This is a continuation of the articles “She wore a blue dress” and “Rescuing the Excluded Middle“, which introduced crisp imprecision and fuzzy uncertainty. The former being evaluative and the latter both subjective and contextual. The articles discuss, relate, and sometimes further the formalization of transitional modeling, so they are best read with some previous knowledge of this technique. An introduction can be found starting with the article “What needs to be agreed upon” or by reading the scientific paper “Modeling Conflicting, Unreliable, and Varying Information“. In this article I will discuss the effect of a chosen language upon the modeling of posits, with particular homage to the new riddle of induction and Goodman’s predicate ‘grue’.
In order to look at the intricacies of using language to convey information about the real world, we will focus on the statement “She’ll wear a grue dress”. First, this refers to a future event, as opposed to the previously investigated statement “She wore a blue dress”, which obviously happened in the past. There are no issues talking about future events in transitional modeling. Let’s say Donna is holding the dress and is just about to put it on. She would then, with absolute certainty, assert the posit “She’ll wear a grue dress”. It may be the case that the longer time before the dress will be put on, the less certain Donna will be, but not necessarily. If she just after New Year’s Eve is thinking of what to wear at the next, she could still be certain. Donna could have made it a tradition to always wear the same dress.

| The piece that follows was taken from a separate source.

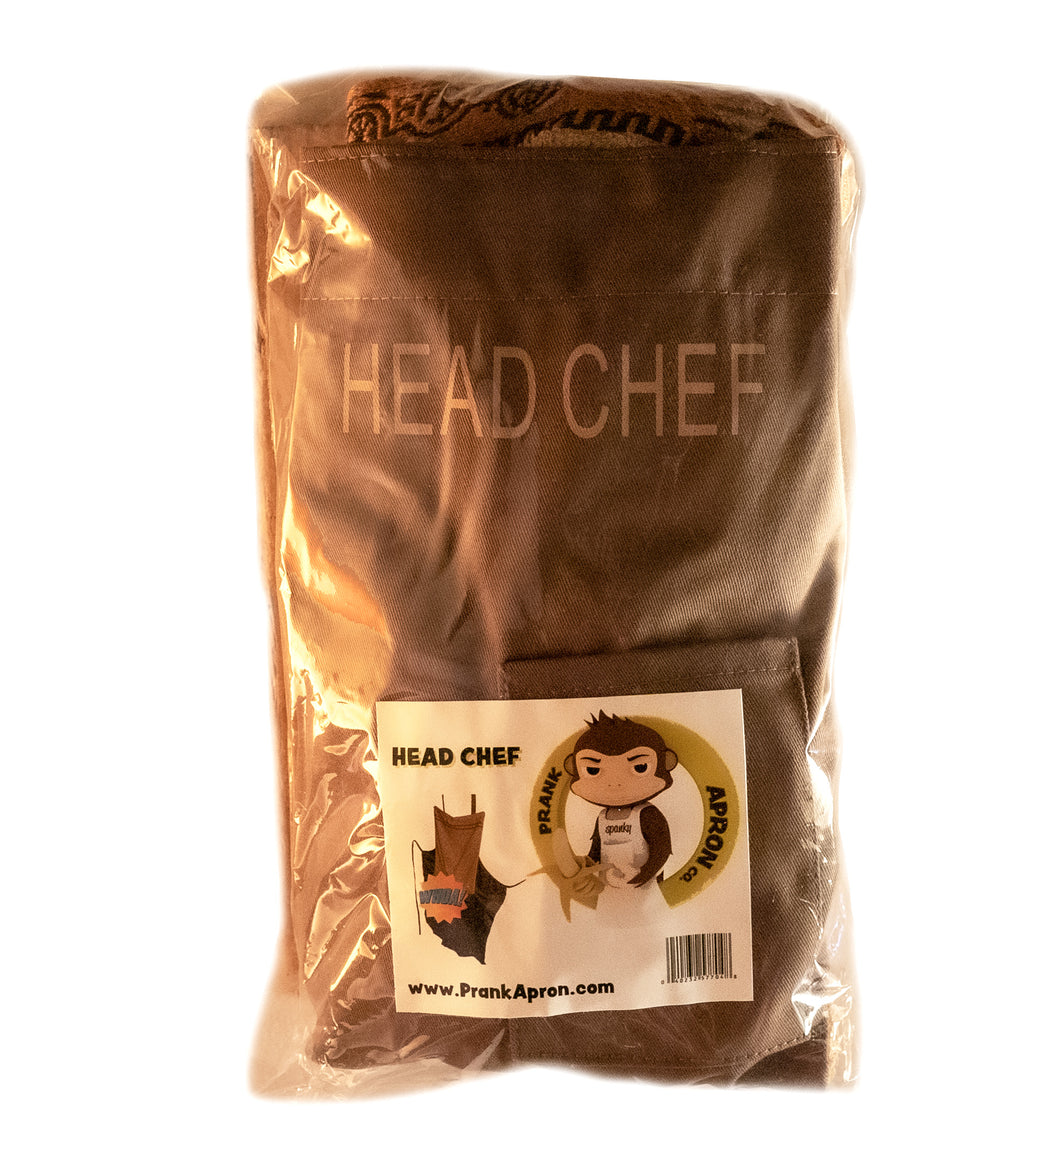 The HEAD CHEF Prank Apron - GREAT GAG GIFT FOR DAD

There is a difference between certainty and probability. If Donna is certain she will wear that dress at the next New Year’s Eve, she is saying her decision has already been made to wear it, should nothing prevent her from doing so. From a probabilistic viewpoint, lots of things can happen between now and New Year preventing that from ever happening. The probability that she will wear the dress at next New Year’s Eve is therefore always less than 1, and will be so for any prediction. Assuming the probability could be determined, it would also be objective. Everyone should be able to come up with the same number. Bella, on the other hand, could be certain that Donna will not wear the dress at the next New Year’s Eve, since she intends to ruin Donna’s moment by destroying the dress. Certainty is subjective and circumstantial. I believe this distinction between certainty and probability is widely overlooked and the concepts confused. “Are you certain? Yes. Is it probable? No” is a completely valid and non-contradictory situation.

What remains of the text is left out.